9. 边镇民怨
这一夜雷过雨歇,第二日天倒放了晴。
姜荞歌醒来时,窗纸上映着一层薄薄的晨光。驿站里头静得很,昨夜那些雷声、雨声、马厩里的惊响,像是都被清晨的冷意一并压了下去,只余下一点雨后木头发潮的气味。
她在被子里躺了一会儿,先是下意识往屏风外看。
外间那盏灯已经熄了,桌案却还未完全收拾。半卷舆图压在镇纸下,旁边放着几封军报,还有一只小小的油纸包。那油纸包不大,边角折得很平整,可姜荞歌知道,里头装着昨夜从探子身上搜出来的那片残破银票角。
兵部军需库银的兑票残角。
昨夜她听见那几个字时,其实并不十分明白其中分量。可她知道,北狄探子身上不该有京中兵部的东西,正如回门礼里的北地黄芪不该被人换成劣货,马车车轴也不该在出京前便被人松了半寸。
这些事一桩一桩摆在眼前,便是她再不懂军务,也隐约觉出些不对了。
姜荞歌慢慢坐起身,肩头昨日撞出的青痕还隐隐作疼。她一动,守在榻边的婢女便醒了,忙上前扶她:“姑娘醒了?肩还疼不疼?”
姜荞歌轻轻摇头,婢女明显松了一口气。
外头很快有脚步声传来。
谢凛推门而入时,身上还带着晨起的凉气,显然已经在外头走了一圈。他一眼看见姜荞歌醒了,先下意识往她脸上看,像是在确认她今日气色究竟能不能见人,待见她神色尚稳,眉眼间那点冷意才稍稍敛了些。
他似乎一夜未睡好,眉眼间压着几分冷淡疲色,袖口还沾着一点雨后泥痕,可整个人仍旧挺拔利落,像昨夜那场雷雨并没有在他身上留下半点狼狈。
只是他看她的目光,比昨日更多了一点停顿。
姜荞歌被他看得有些不自在,犹豫片刻,还是低声问:“昨夜那人……招了吗?”
谢凛看了她一眼。若是从前,这类话他大概不会同她多说。她身子弱,又刚受过惊,知道太多未必是好事。可昨夜若不是姜荞歌先听见马厩方向的不对,又以打翻药碗为信号,把他从外间引过去,那张舆图未必能保住,那探子也未必能当场擒下。
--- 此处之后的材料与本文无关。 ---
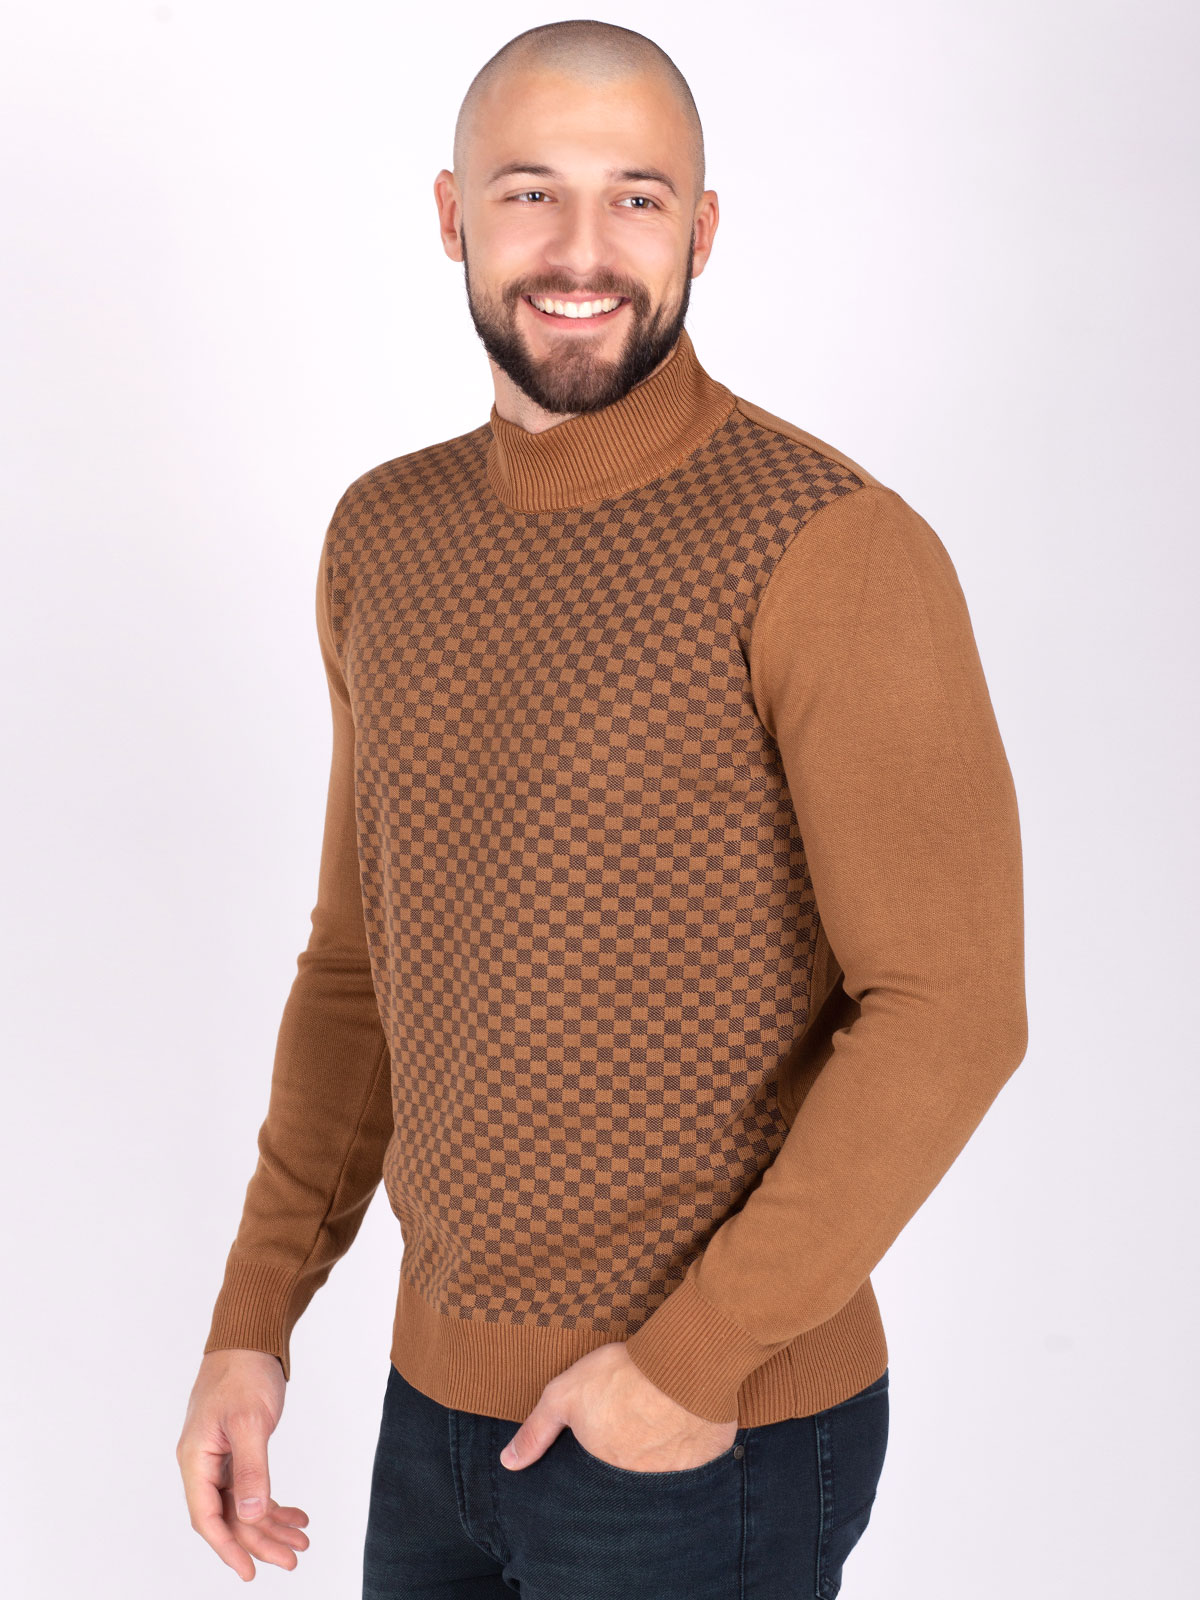 Polo shirt in brown with a checkered pat - 35303 € 38.81 img2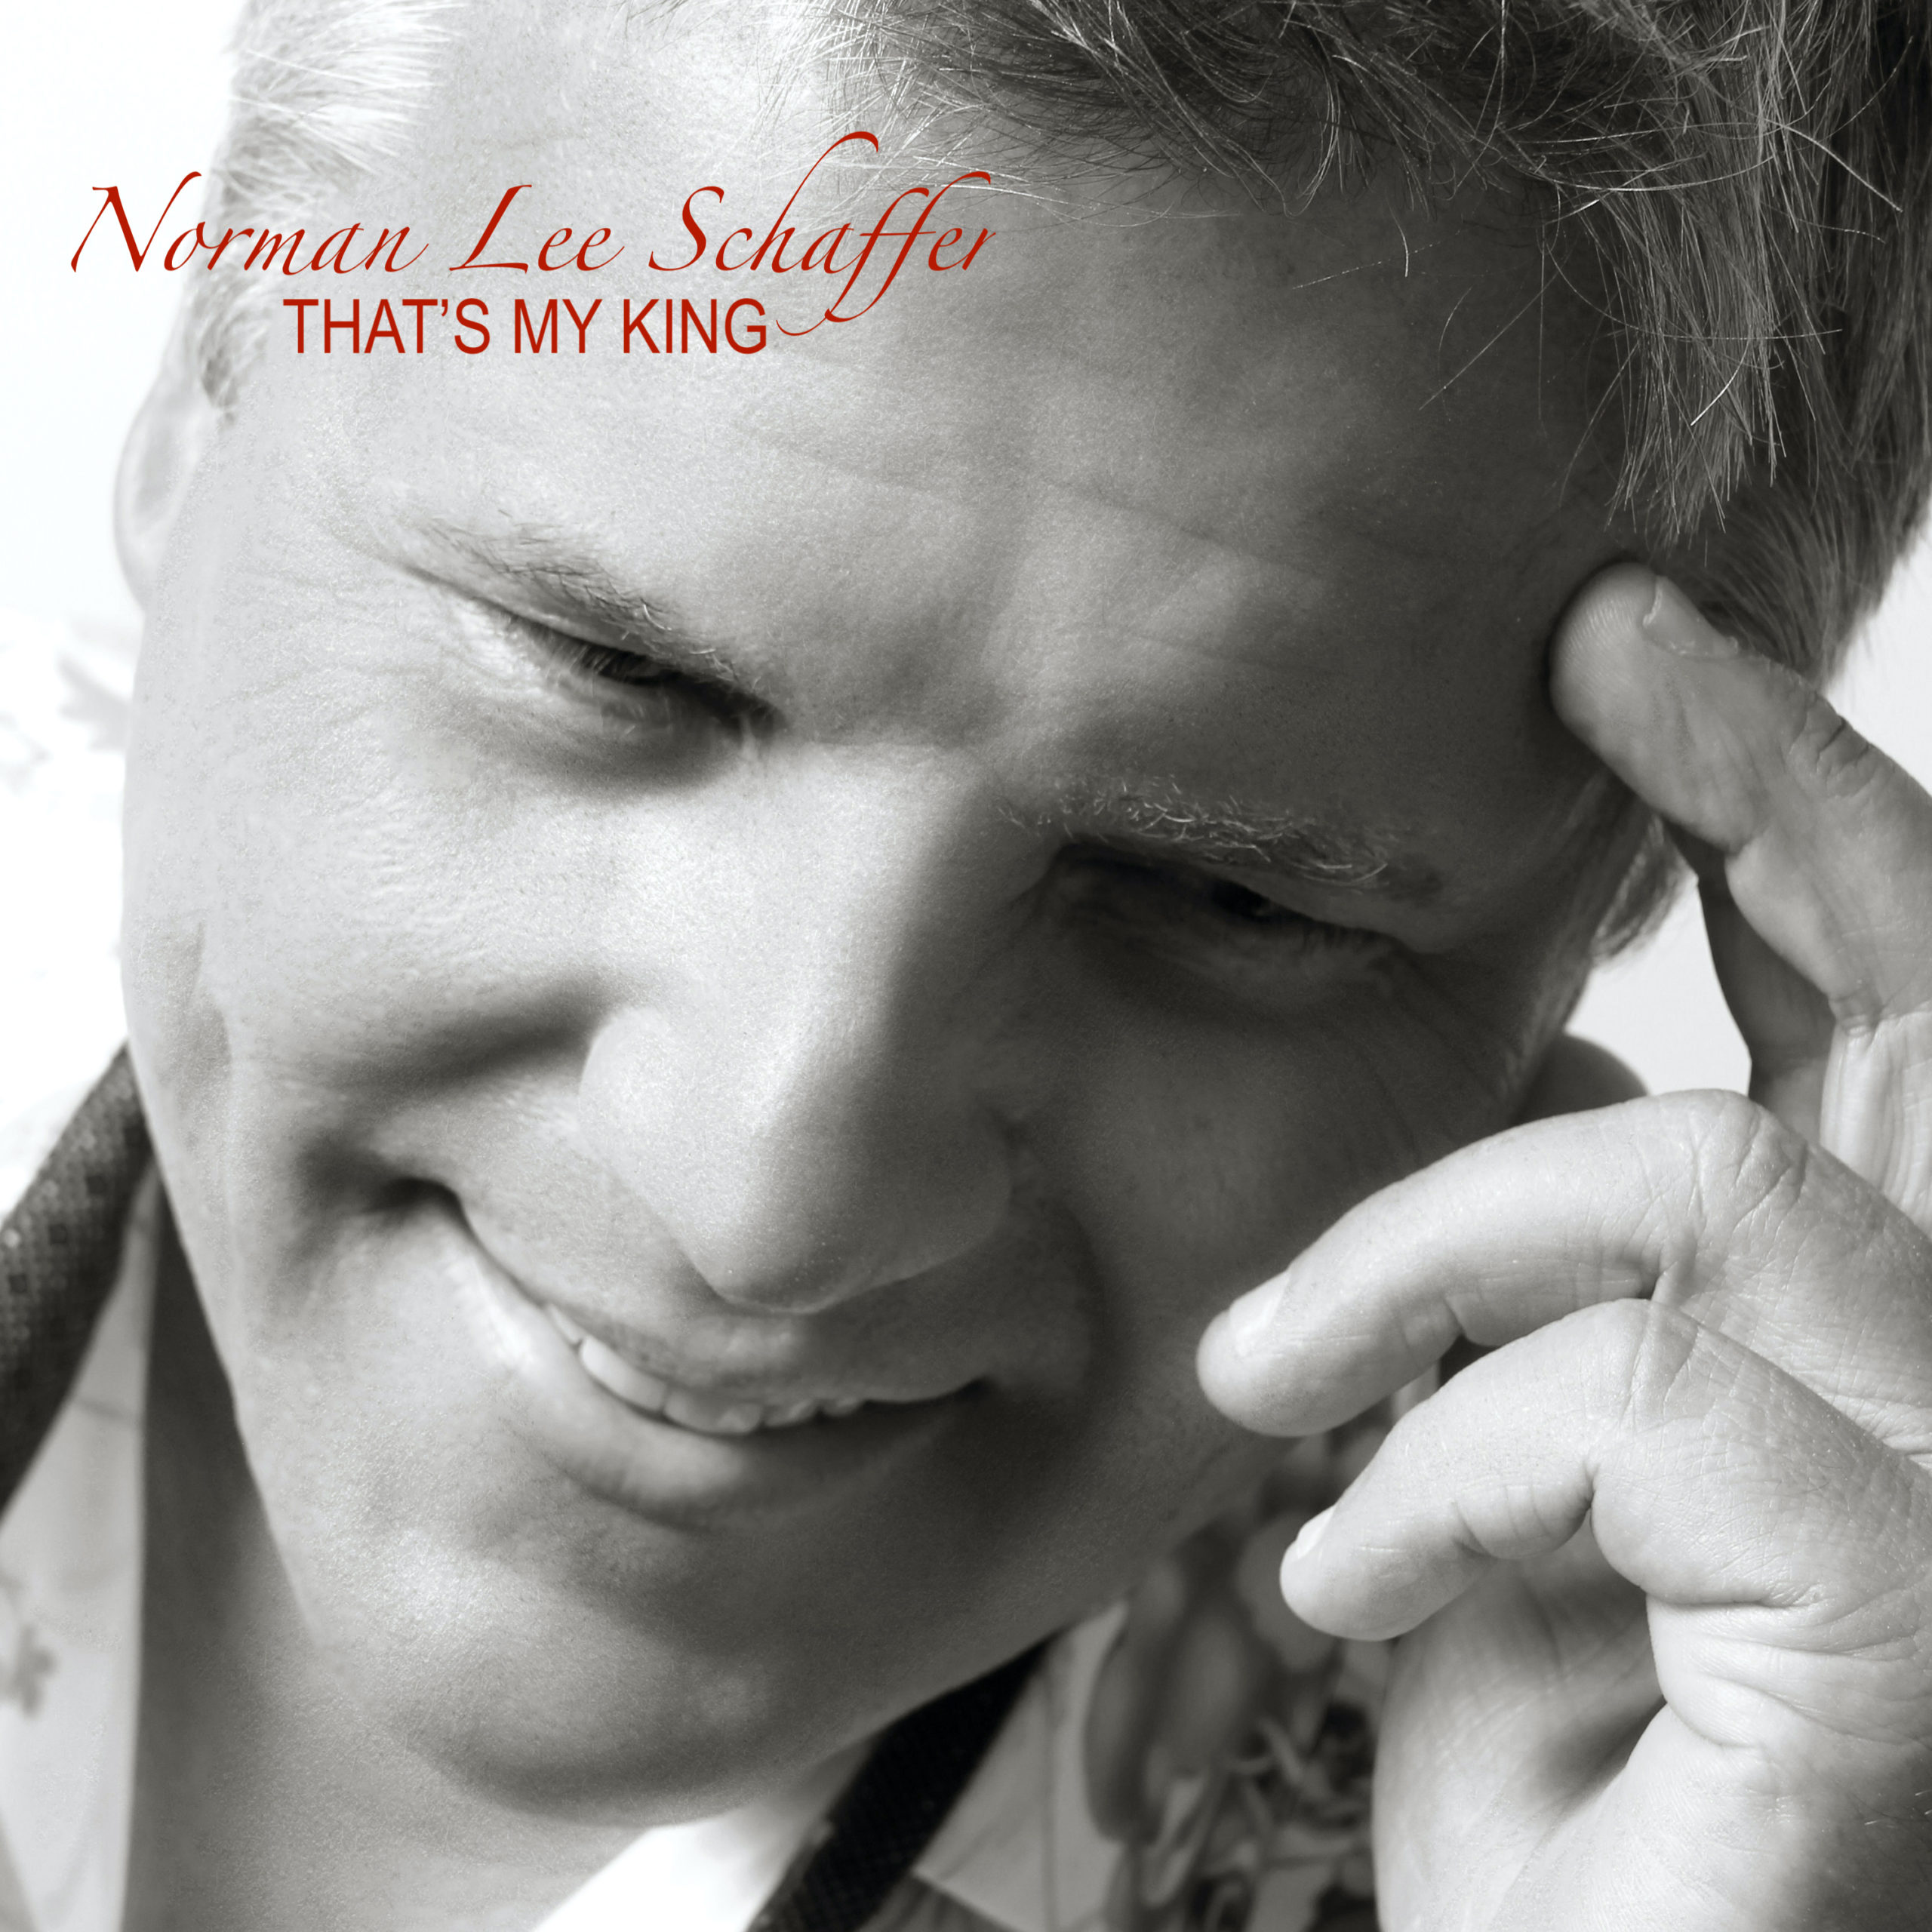 NORMAN LEE SCHAFFER RELEASES NEW SINGLE TODAY

他沉默片刻,道:“嘴硬得很。只招了有人给他银子,让他趁雷雨夜潜进来,偷走舆图和随军路线。至于背后是谁,暂时没吐。”
姜荞歌轻轻攥了攥被角:“那这银票……”
“是兵部军需库银的兑票残角。”谢凛声音沉下去,“京中拨到北境的军需银,理论上只会经兵部、户部和沿路军需官之手,不该出现在一个北狄探子身上。”
姜荞歌听得心口微紧。
兵部,军需,北狄探子。
这些字离她从前的日子实在太远,可如今却一个接一个落在她眼前,像风雪里看不清的暗影,已经悄无声息跟上了这支北上的队伍。
用过早膳后,队伍继续北上。
昨夜下过一场雨,路比前几日更难走。北地的官道原本便不算平整,雨水一泡,更是坑洼泥泞,马蹄踩过去都带起一串湿泥。姜荞歌今日坐的是重新检查过的药车,车身不如原先那辆宽敞,倒也稳些。只是路实在烂,车轮每过一处泥洼,车厢便要狠狠晃上一下。
她起初还端端正正坐着,后来被晃得肩头发疼,便不得不靠在软枕上,指尖轻轻按着肩膀。
婢女见了,忙道:“姑娘,要不要叫停一停?”
姜荞歌摇头:“还好。”
话刚出口,她又顿了顿,补了一句:“若真疼得厉害,我会说。”
婢女这才稍稍放心。
行到近午时,前头忽然传来一阵低喝,紧接着马车猛地一顿,车身往下一沉,竟生生卡住了。婢女被晃得低呼一声,姜荞歌也下意识扶住车壁。
外头很快传来亲兵的声音:“将军,车轮陷泥坑了!”
姜荞歌心里一紧。
她如今听见车轮、车轴这些字,便难免想起昨日那场险些翻车的惊险。她几乎是立刻挑起车帘一角往外看。只见前路那一段被昨夜雨水泡得稀烂,车轮一半陷进泥里,几个亲兵正上前去推,马儿却被卡得打响鼻,怎么也使不上劲。
谢凛翻身下马,大步走了过来。
他今日穿的是一身深色劲装,外头只罩了件短氅,腰身收得利落,肩背却宽阔得吓人。走到车旁时,他先看见的不是车轮,而是正试图探头出来的姜荞歌,当即眉头一沉:“你出来做什么?”
姜荞歌一顿:“我想看看是不是车又——”
“不是。”谢凛直接打断她,“车轴早上才查过三遍。坐回去。”
他说得太快,像是知道她心里在怕什么。
姜荞歌指尖松了松。谢凛抬手便将车帘往下压了压,语气仍旧不大好听:“外头全是泥,你下来是想摔一跤,还是想把鞋陷进去拔不出来?”
姜荞歌隔着车帘小声道:“我也不是那么没用。”
谢凛在外头似乎冷笑了一声,嗓音隔着车壁传进来,低低沉沉的:“你用不用得着,等会儿再说。现在给我坐好。”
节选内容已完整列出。